Twilight deepened and suddenly, from high overhead, the arc lamps were turned on. Bright and burnished against the rosy copper of oiled skin, the women's necklaces and rings and bracelets came alive with glittering reflections. Seen in the downward striking light, every contour became more dramatic, every form seemed to be more substantial, more solidly there. In eye sockets, under nose and chin the shadows deepened. Modeled by light and darkness young breasts grew fuller and the faces of the old were more emphatically lined and hollowed.

Hand in hand they made their way through the crowd.

A middle-aged woman greeted Mary Sarojini, then turned to Will. "Are you that man from the Outside?" she asked.

"Almost infinitely from the outside," he assured her.

She looked at him for a moment in silence, then smiled encouragingly and patted his cheek.

"We're all very sorry for you," she said.

They moved on, and now they were standing on the fringes of a group assembled at the foot of the temple steps to listen to a young man who was playing a long-necked, lute-like instrument and singing in Palanese. Rapid declamation alternated with long-drawn, almost birdlike melismata on a single vowel sound, and then a cheerful and strongly accented tune that ended in a shout. A roar of laugher went up from the crowd.

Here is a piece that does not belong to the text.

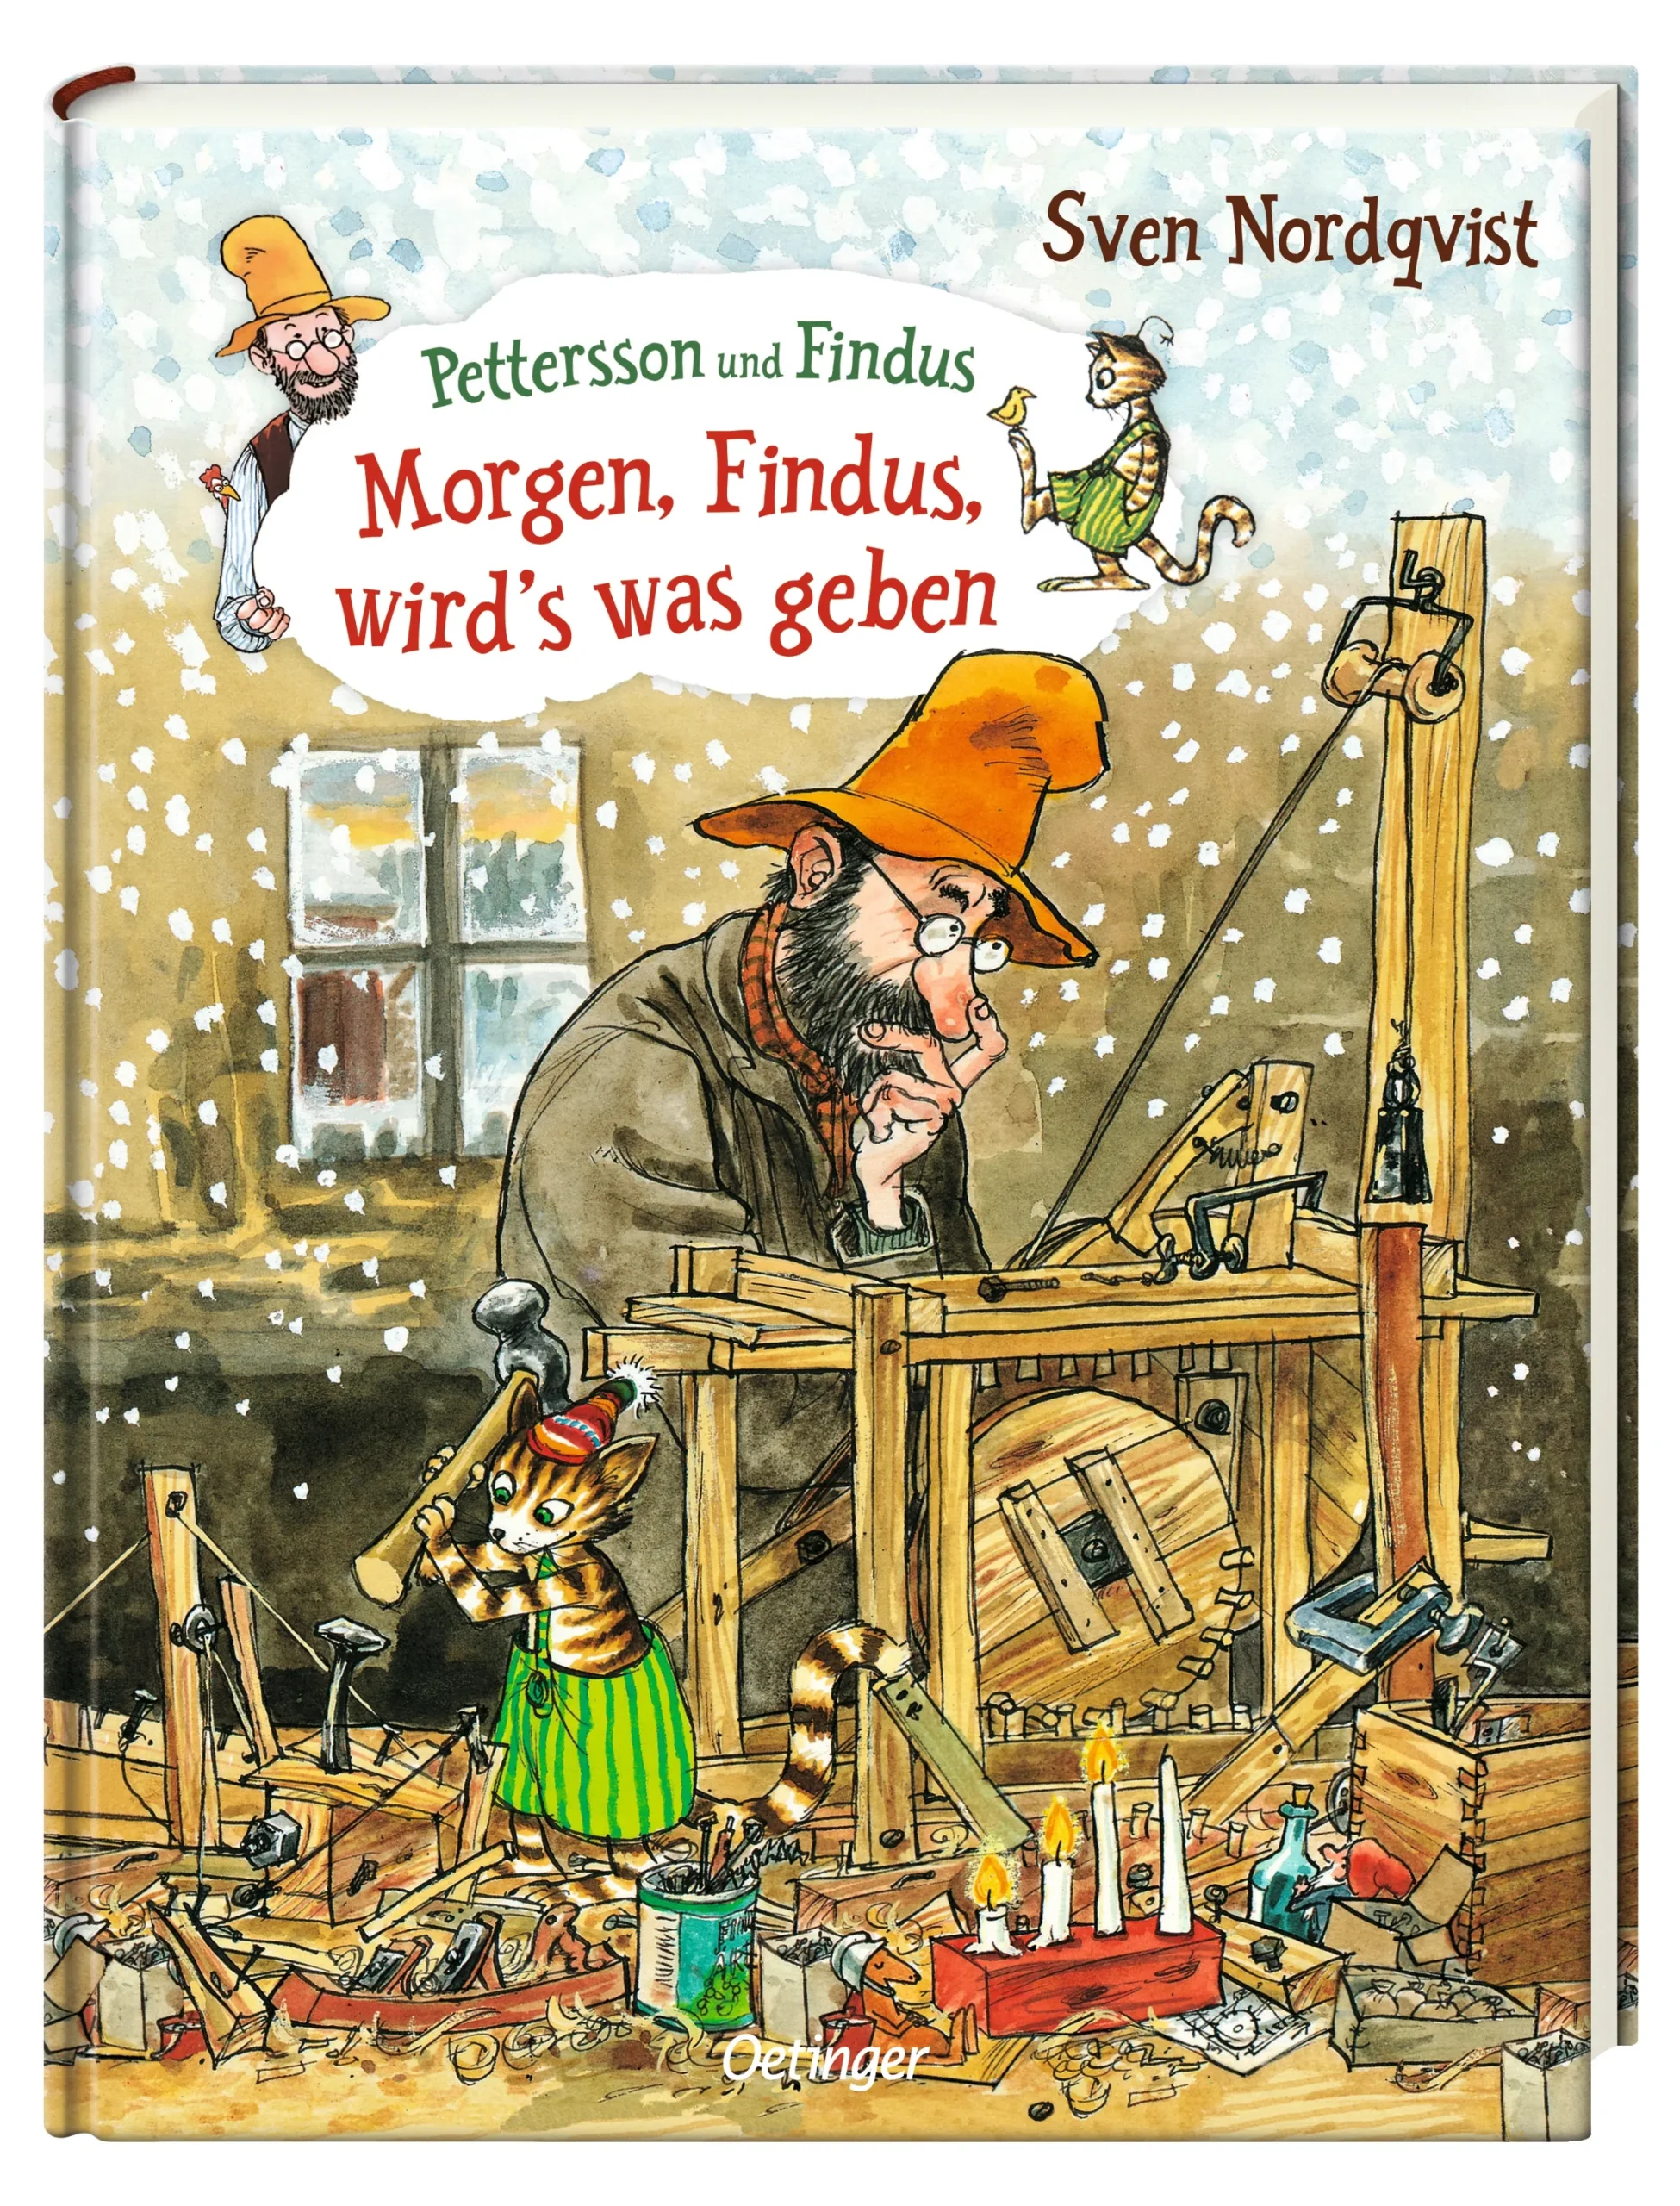 Morgen Findus wird's was geben von Sven Nordqvest ist eine umfassende Weihnachtsgeschichte.

A few more bars, another line or two of recitative, and the singer struck his final chord. There was applause and more laughter and a chorus of incomprehensible commentary.

"What's it all about?" Will asked.

"It's about girls and boys sleeping together," Mary Sarojini answered.

"Oh-I see." He felt a pang of guilty embarrassment; but, looking down into the child's untroubled face, he could see that his concern was uncalled for. It was evident that boys and girls sleeping together were as completely to be taken for granted as going to school or eating three meals a day-or dying.

"And the part that made them laugh," Mary Sarojini went on, "was where he said the Future Buddha won't have to leave home and sit under the Bodhi Tree. He'll have his Enlightenment while he's in bed with the princess."

"Do you think that's a good idea?" Will asked.

She nodded emphatically. "It would mean that the princess would be enlightened too."

"You're perfectly right," said Will. "Being a man, I hadn't thought of the princess."

The lute player plucked a queer unfamiliar progression of chords, followed them with a ripple of arpeggios and began to sing, this time in English.

"Everyone talks of sex; take none of them seriously- Not whore nor hermit, neither Paul nor Freud.

Love-and your lips, her breasts will change mysteriously Into Themselves, the Suchness and the Void."

The door of the temple swung open. A smell of incense min gled with the ambient onions and fried fish. An old woman emerged and very cautiously lowered her unsteady weight from stair to stair.